壁一面に遺構。斜面には選炭関連の施設と思われる遺構がたくさんあります。


この辺一帯はズリベルトの張り巡らされた大きな選炭場だったようで、全景を見たかったのですが木々に邪魔されてよくわかりませんでした。


総合ボイラーの煙突。高いです。


坑木運搬トロッコを辿るように旧道へ進むと、眼鏡橋に出ます。眼鏡橋は2つありこちらは旭町のもの。橋の向こうに見える建物は雄別炭鉱病院です。
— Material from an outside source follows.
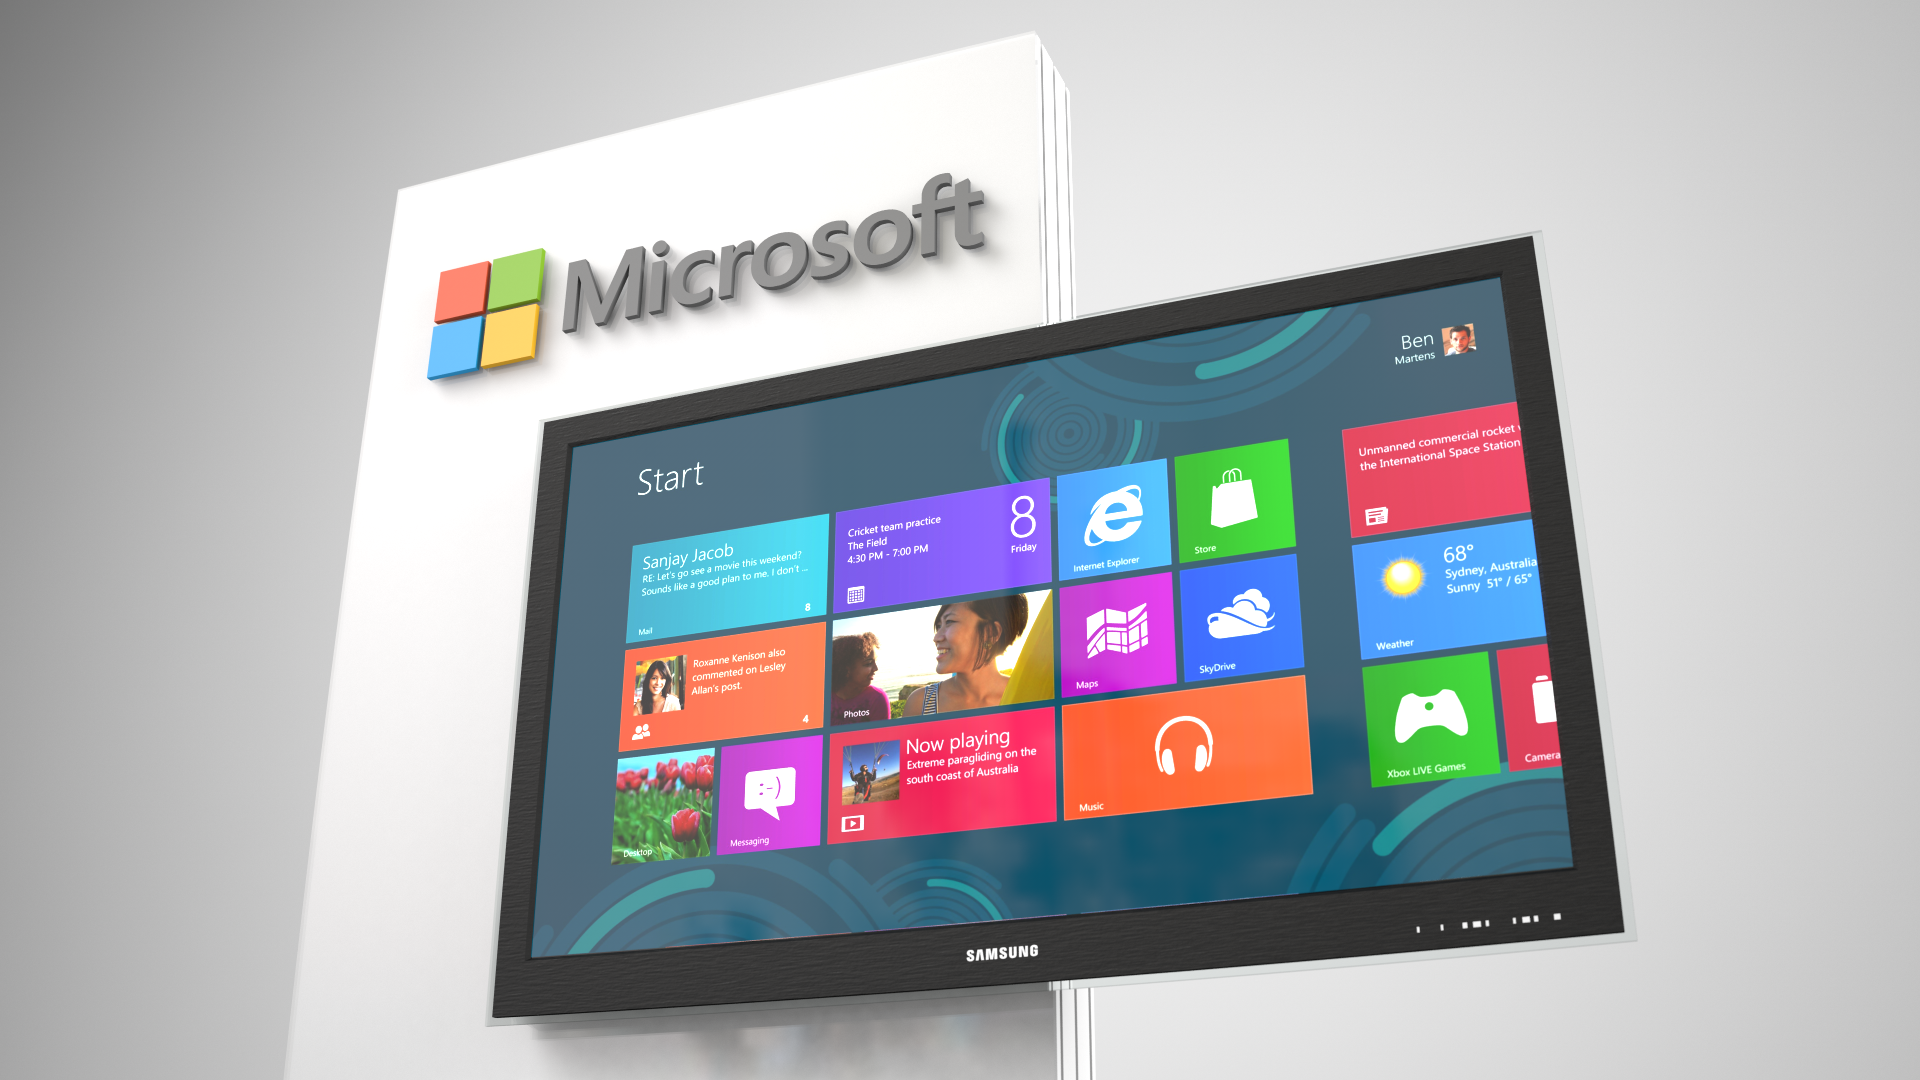 Microsoft's kiosks feature custom cabinetry and millwork, dimensional logo, vibrant graphics and integrated media devices
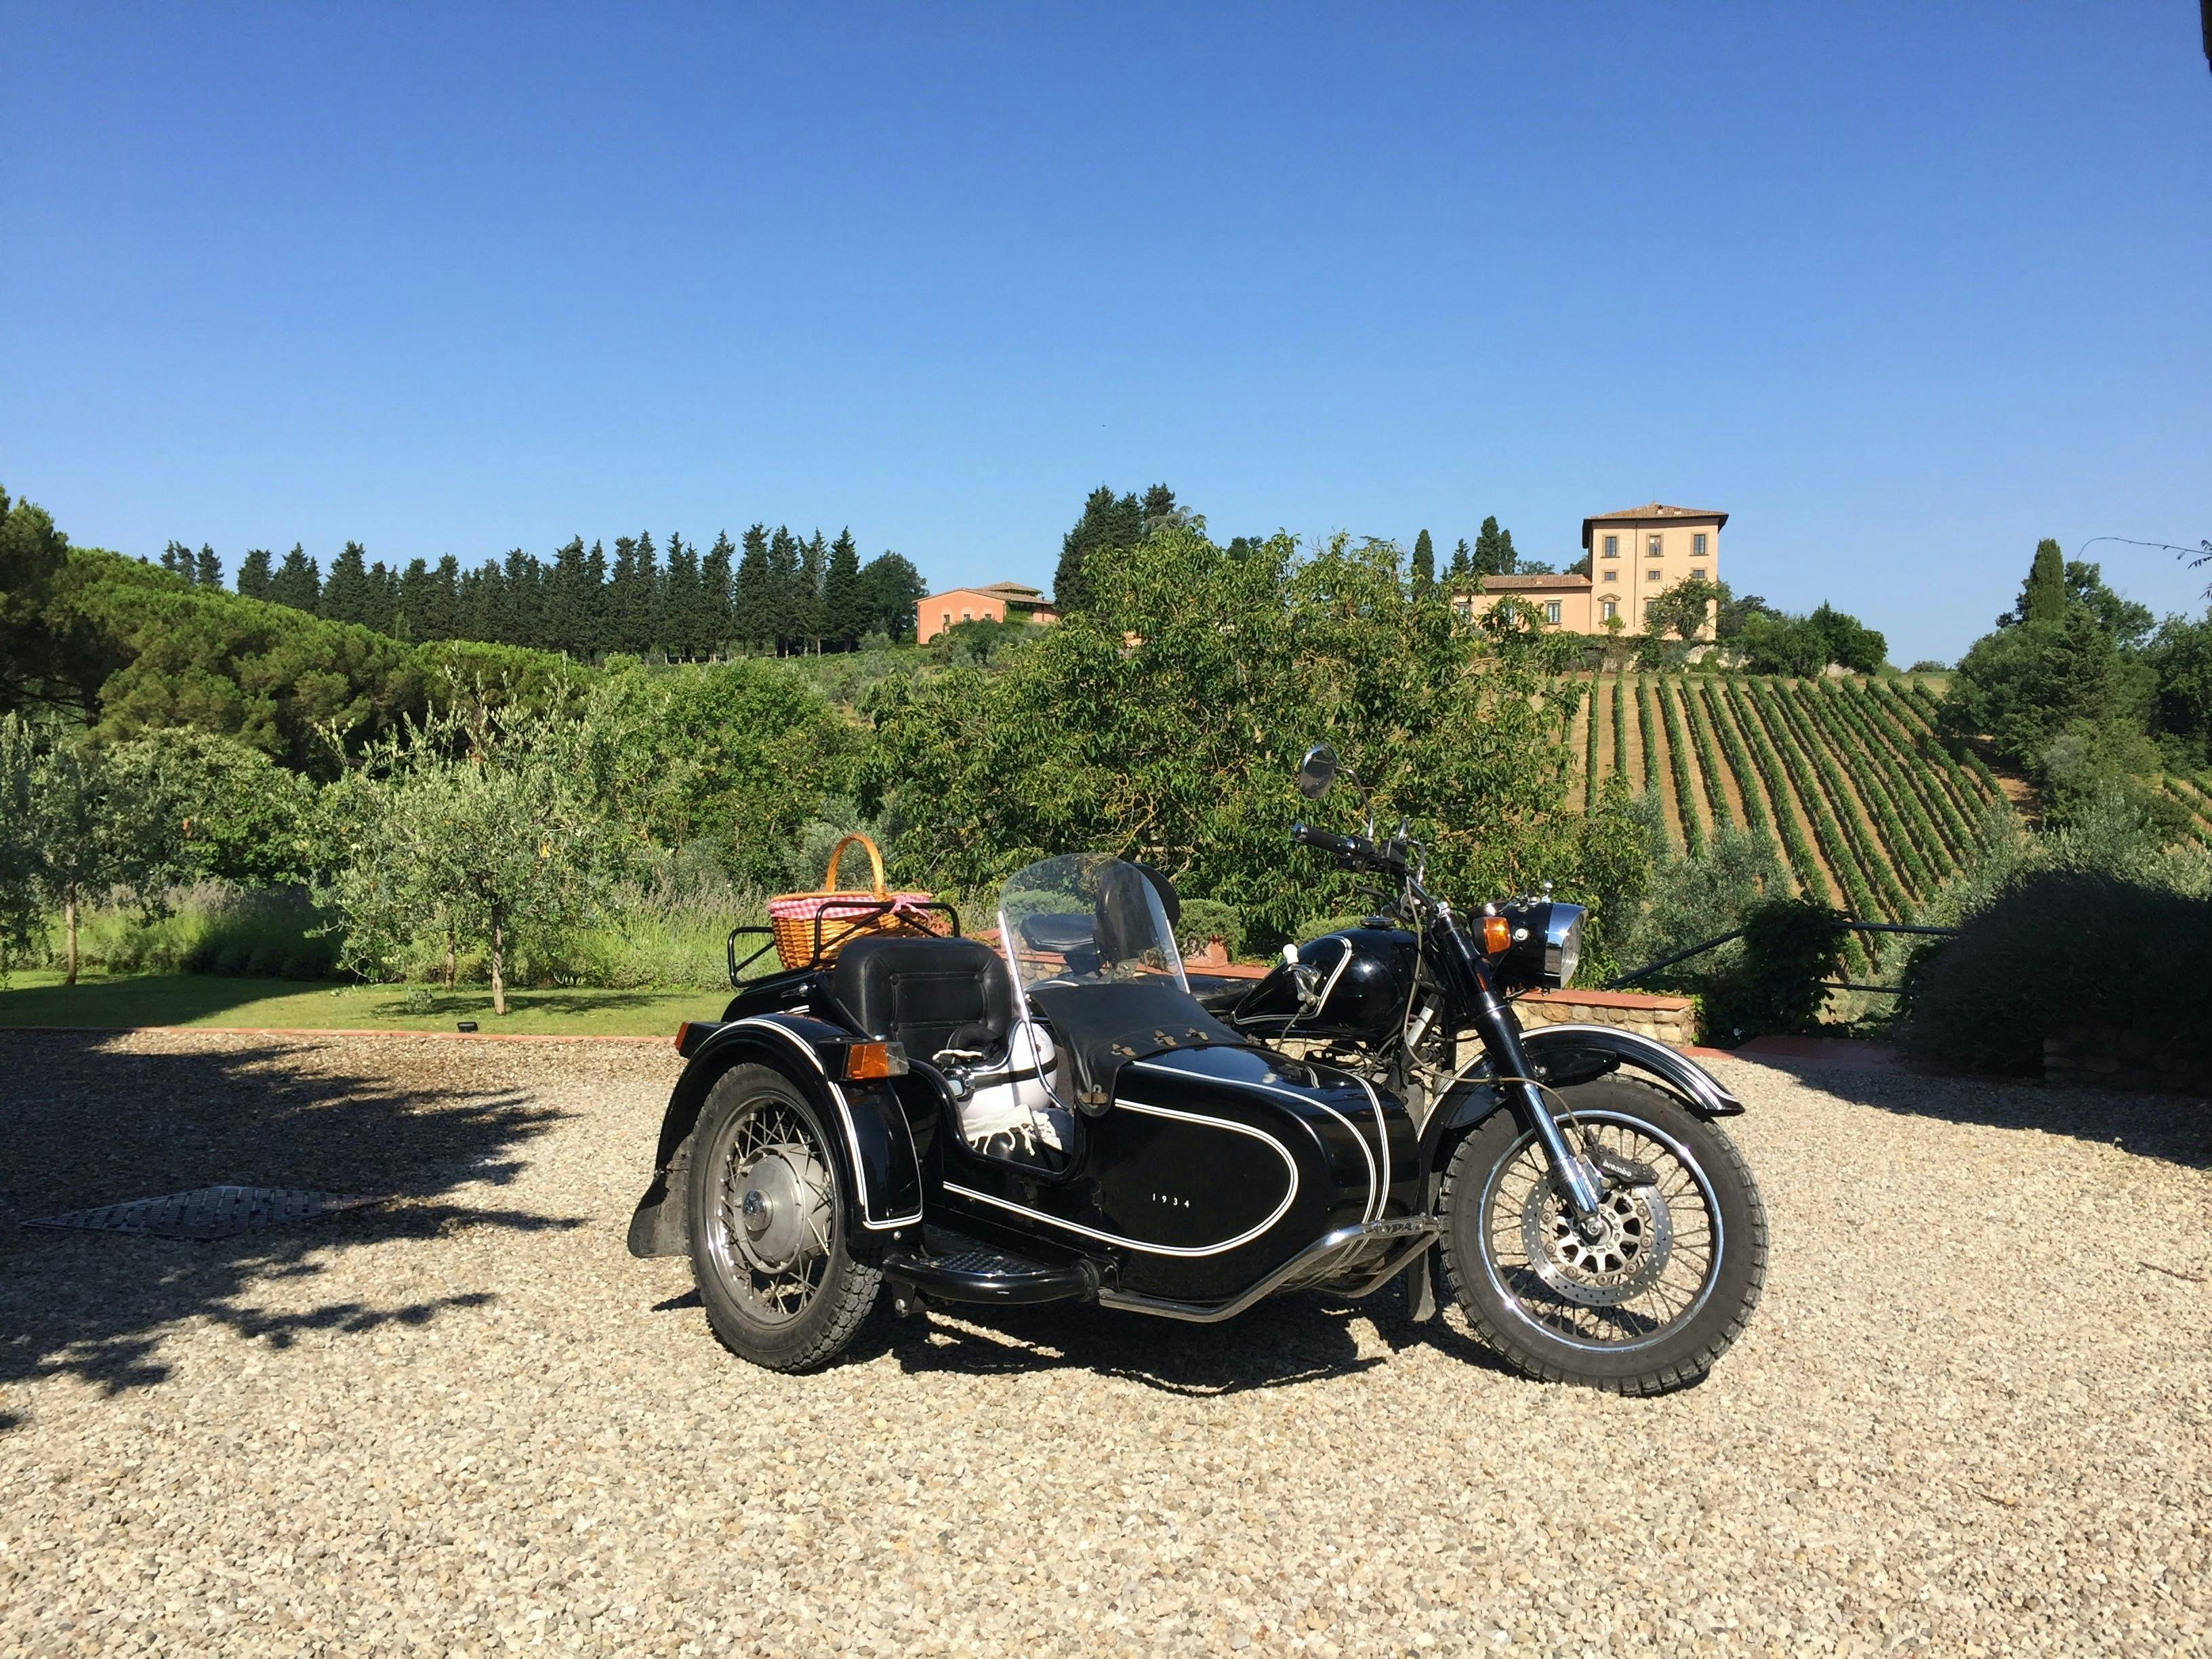 Chianti sidecar tour with wine tasting and lunch

この眼鏡橋のほかにもう一つの眼鏡橋が旧道を進んだ錦沢にも架かっており、二つ合わせて眼鏡橋と言われているとか。
この旧道は恐らく大祥内専用線の鉄路だったものと思われます。
錦沢眼鏡橋までは旧道と言うだけあって一部抉れたり埋もれたりしており、ジムニーでないと走破するのはキツイですねw


久しぶりに訪問すると、案内板がいつの間にか設置されています。
浦幌炭鉱や鴻之舞鉱山のような立派なものではありませんが、手作り感のある小さな案内板です。
北海道釧路支庁で「くしろの産業遺産観光プログラム創造事業」を平成17年から2年間、事業を行っていたようなので、その時に整備・設置されたものかも知れません。


坑口浴場に続く階段です。


浴槽が遺ってます。


雄別炭砿閉山二十周年
物故者、亡くなった方の追悼法要ですね。閉山とともにお寺の移転があったようです。閉山から20年=1990(平成2)年の設置でしょうか?


雄別通洞の案内板。もしかしたらここ雄別炭鉱跡で唯一の説明看板かも知れません。


川向いには雄別通洞の坑口が見えます。鉄橋は既に無く、近づくには病院側から回り込まないと行けないようです。


と言うわけで、病院裏の崖を上ってきました。
坑口から坑内水が勢いよく排水されてますが、硫黄の臭いはありませんね。


雄別マークのプレートが外れ、三菱のマークが見えます。右から『雄別通洞』と刻まれています。隠れてますが『昭和拾壹年九月』も表示もあったようです。
それと妙に新しい『安全生産』の看板ですが、これは後付けで元々のものは『生』だけが坑口の上に残っています。


『産』の真下から見上げます。


坑口から崖を降りると病院の裏手に出ます。職員通用口でしょうか?ちょっとだけ見学。


裏口から覗いてみます。


DQNによる落書きが酷いですね。


もう夕暮れの時間なので、最後に正面玄関へ回ってみることにします。


左の白壁が先ほど覗いた職員管理棟で、中央に見えるのは螺旋のスロープ、右には病院棟という感じでしょうか?


正面玄関です。来てみてビックリしましたが、購買と同様にここも落書きが消されています。何があったのでしょうか?先程の事業と関係があるのかも知れませんね。
既に暗くなってきているので、日を改めてまた探索します。